Here's an idea of how the admin interface might look for this block.

webchick’s picture

FileSize
3.28 KB

And here's the skeleton code of that mockup, if anyone wants to tweak/change stuff.

The module is for 4.7 and the mockup is found @ admin/settings/mockup, just because I needed a quick and dirty way to mockup the form. ;)

killes@www.drop.org’s picture

download stats are available from osuosl. We have awstats output and can screenscrape that or we need to ask for the original data.

dww’s picture

i'm actually thinking about making a "project_vcs.module" -- and moving a bunch of the crap out of cvs.module + schema into something that's VCS-independent. all the existing "CVS access" tab crap doesn't depend on cvs at all. similarly, i think every VCS has a notion of tags and branches, so a lot of the new code i'm going to write for the new release system could just live in here, and not add further dependencies on cvs.module. basically, instead of cvs.module and svn.module implementing a bunch of the same stuff, each one should focus on the things that are absolutely *specific* to the particular VCS in question, and code/logic/data that can be shared across all VCS's to integrate w/ project nodes, should be in project_vcs.module. project_vcs.module would probably introduce a few hooks that could be implemented by cvs.module, svn.module or even someday a bzr.module (if anyone's inclined to write such a thing). ideally, instead of the choice of VCS being site wide, each project could select if its code lives in cvs, svn, bzr, or has no code at all (e.g. the drupal.org website project). the cvs vs. svn thing isn't so much for d.o, where we're always going to have 1 repo, but for other sites where many projects might all live in the same place, and might live not just in different repos, but entirely different kinds of repos, too...

getting the download states from the server into the DB would probably be a good idea. this block is going to get pretty expensive to compute. it's going to be even worse if it has to fopen() a server log and parse the whole thing, too. i'd rather we stuffed the download stats into the DB in some reasonable way, and let this block just worry about getting the info from there. but, i could be wrong about all that. sounds like killes might have some better ideas/info about how this does/should work. ;)

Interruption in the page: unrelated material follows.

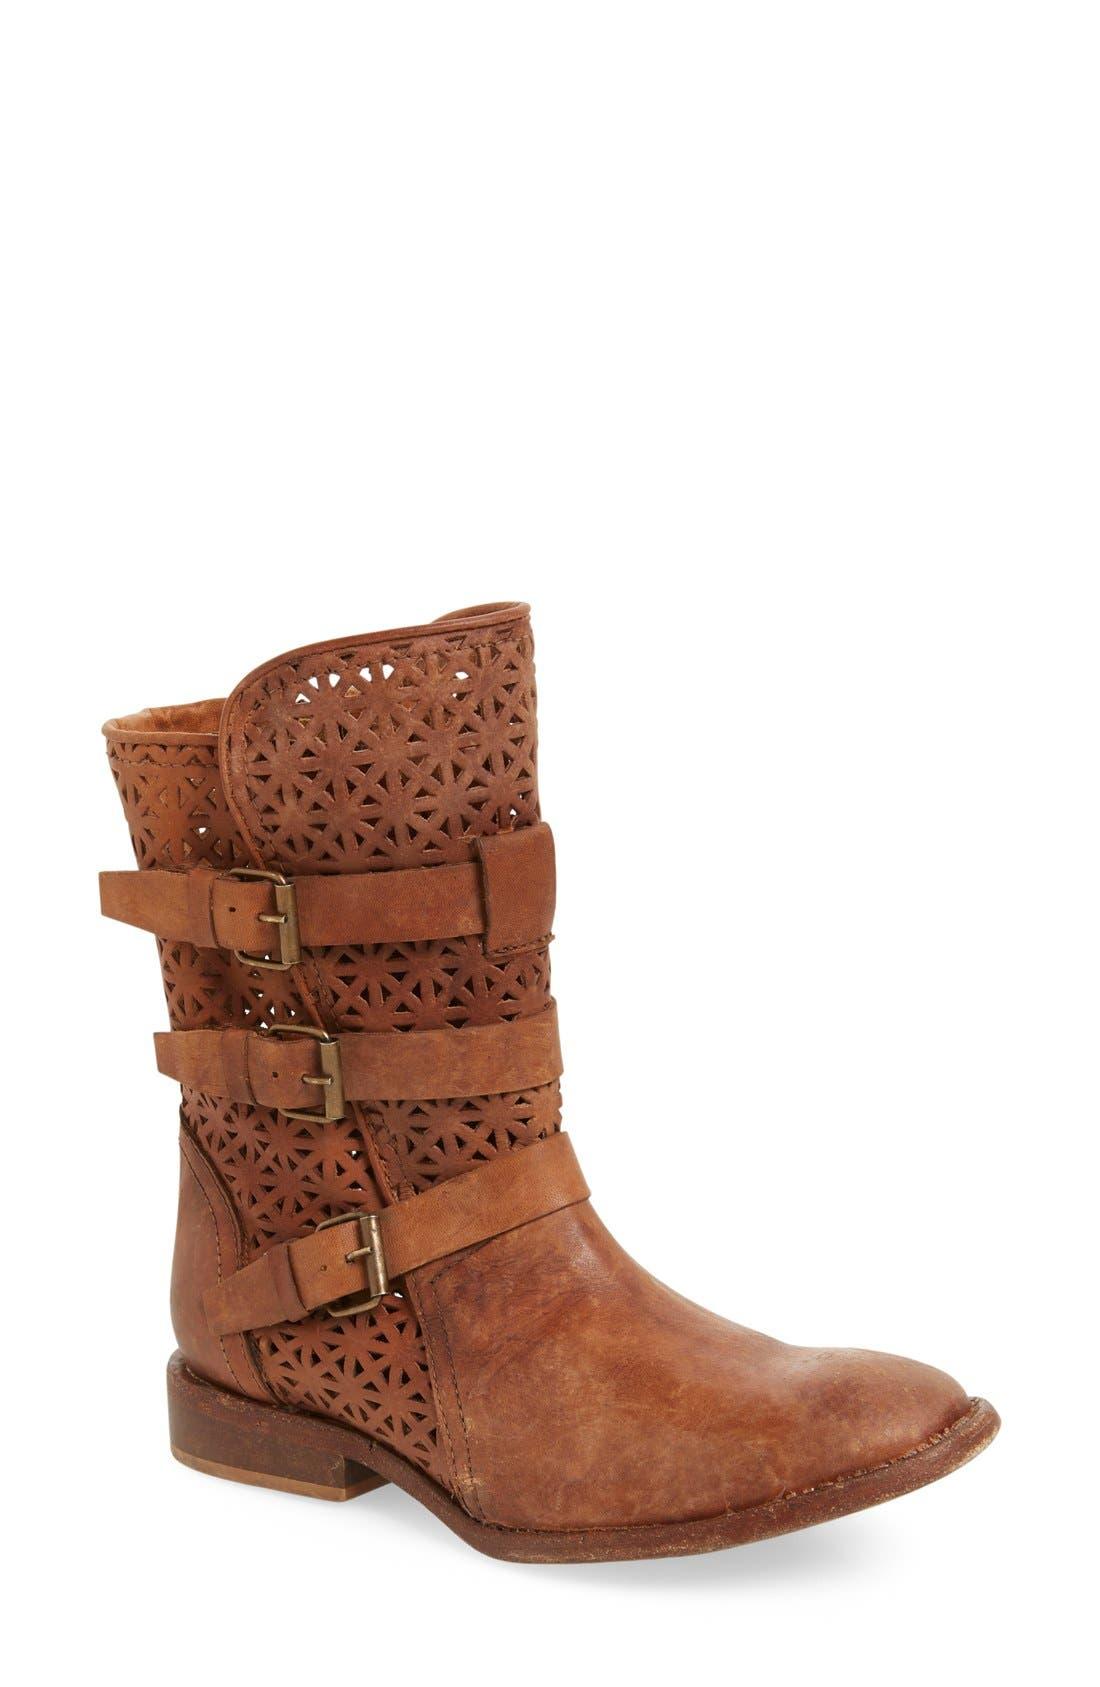 Alternate Image 1 Selected - Matisse 'National' Perforated Moto Boot (Women)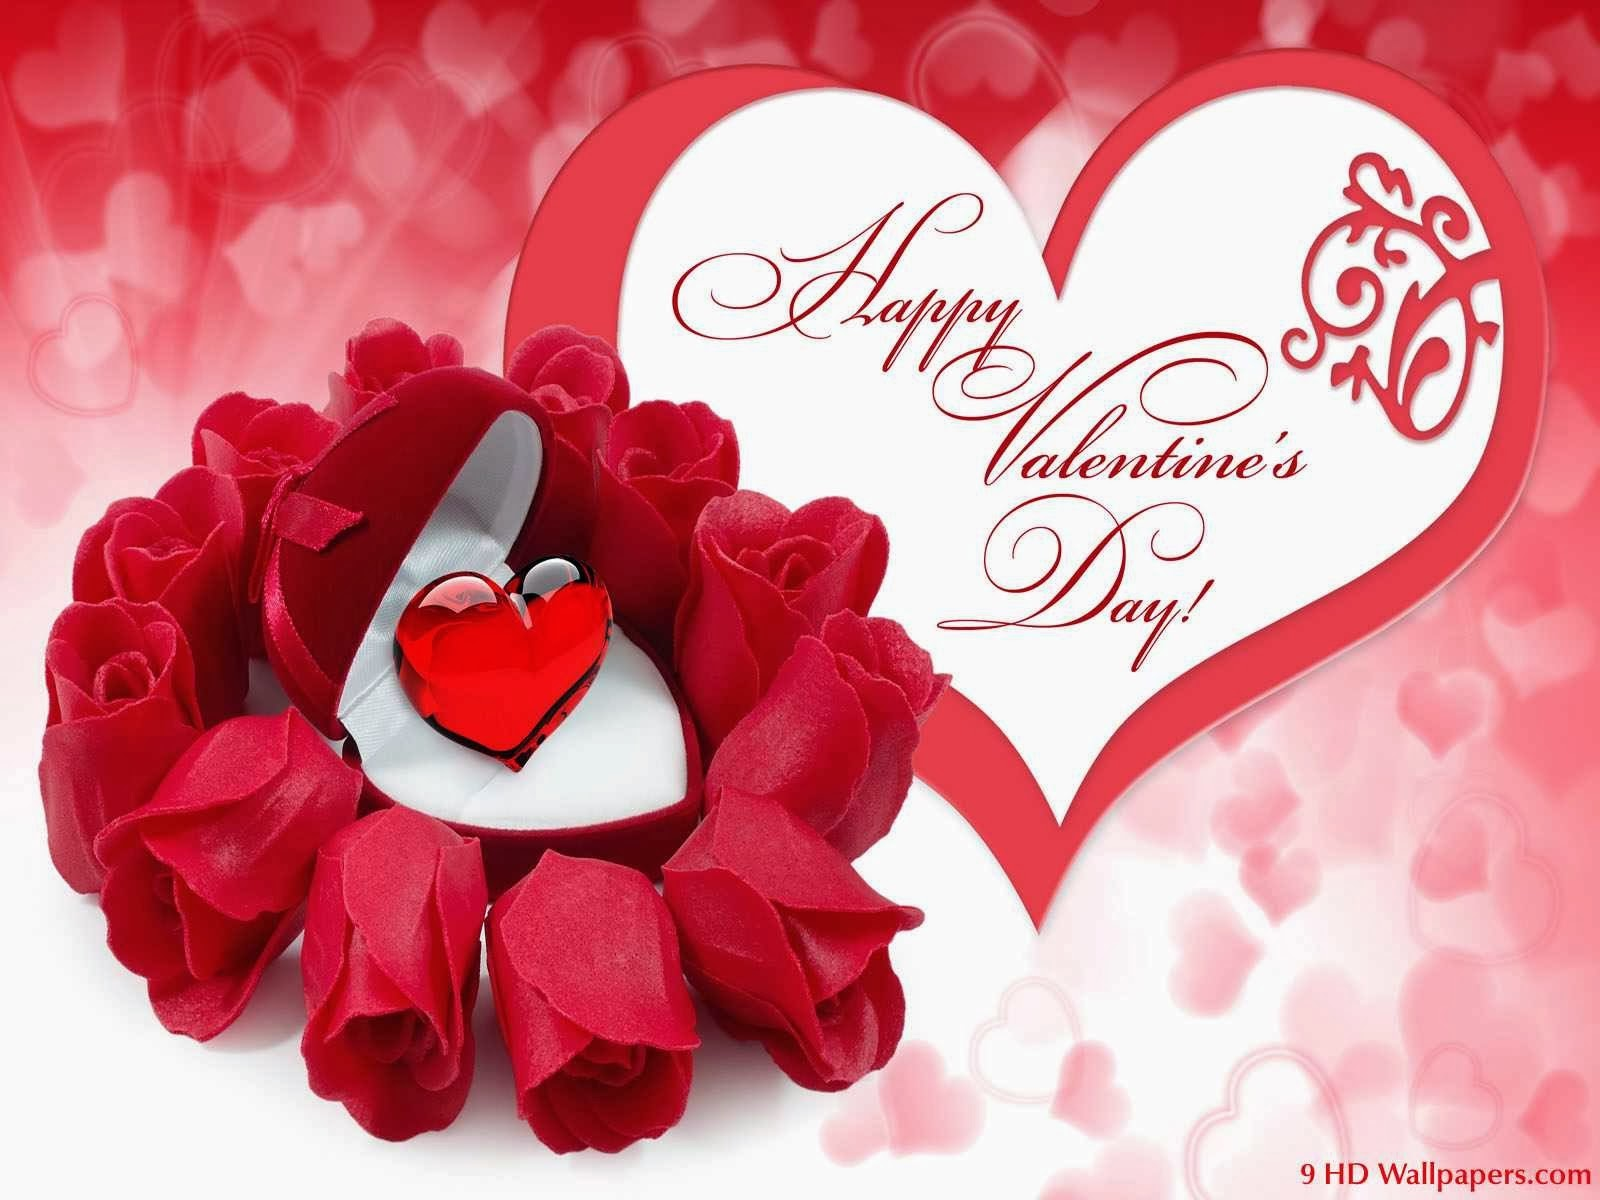 Kartu Ucapan Happy Valentine Day PUTIKUCOM Cari Kebutuhanmu

thanks for taking the lead on this, webchick!
-derek

webchick’s picture

project_vcs.module makes a lot of sense. I especially really like the idea of each contrib project's maintainer getting to choose what VCS to use for their project. That's a bit above my level though. ;)

For this block, what should I patch against? Project.module? That doesn't really seem appropriate because of all the sub-dependencies on issues and cvs. Should I just make a custom module like project_stats_block.module that could be downloaded as a separate contrib? Or..?

nedjo’s picture

I'd say for now a patch against project.module should make sense. It could be pulled out into something else later if appropriate.

Angie, you might want to have a look at the patch to this issue, http://drupal.org/node/66013. It shows how we can load data on project usage from the data sent to drupal.org by the drupal.module. The patch may not apply any more as it's been a few months, but in any case you could look at the code and adapt it as a new metric.

Your mockup.module idea seems like a good direction. We should consider a bit what type of thresholds make most sense for the intervals. Percentages? Set numbers, as in the current draft? Ideally we'd have something that didn't need adjusting when, e.g., the number of downloads goes up. Maybe we can find a handy script, e.g. for charting, that will break data into intervals for us. Likely there's useful stuff already in our project statistics generation. Possibly we could use a reusable function that we can send data to and return an appropriate response.


function project_interval($score, $min, $max, $intervals) {
  $intervals = count($intervals);
  // Find out where $score falls between $min and $max, given the number of intervals.
  $interval = analyze_the_data_and_find_the_right_one; 

  return $intervals[$interval];
}

We would then return the text something vaguely like this:

// Number of downloads for project x.
$score = 1534;
// Number of downloads for most-downloaded project.
$max = 26876;
// Number of downloads for least-downloaded project.
$min = 140;
// Intervals.
$intervals = array(
  t('rarely downloaded'),
  t('not very popular'),
  t('fairly popular'),
  t('frequently downloaded'),
  t('one of our most popular'),
);

$downloads = project_interval($score, $min, $max, $intervals);
dww’s picture

For this block, what should I patch against?

very good question...

Should I just make a custom module like project_stats_block.module

at this point, i'd probably vote for that. one of the things i've been trying to do is make the project codebase more modular. when i first took over, i was almost paralyzed by the size of the code and the complexity. it was a great learning experience ripping all the issue tracking out into a separate module. i'd rather keep moving in this direction, and making the separate chunks of functionality live in different files, so that it's easier to grok any individual file and work on it if that's the area of project where you've got an itch to scratch...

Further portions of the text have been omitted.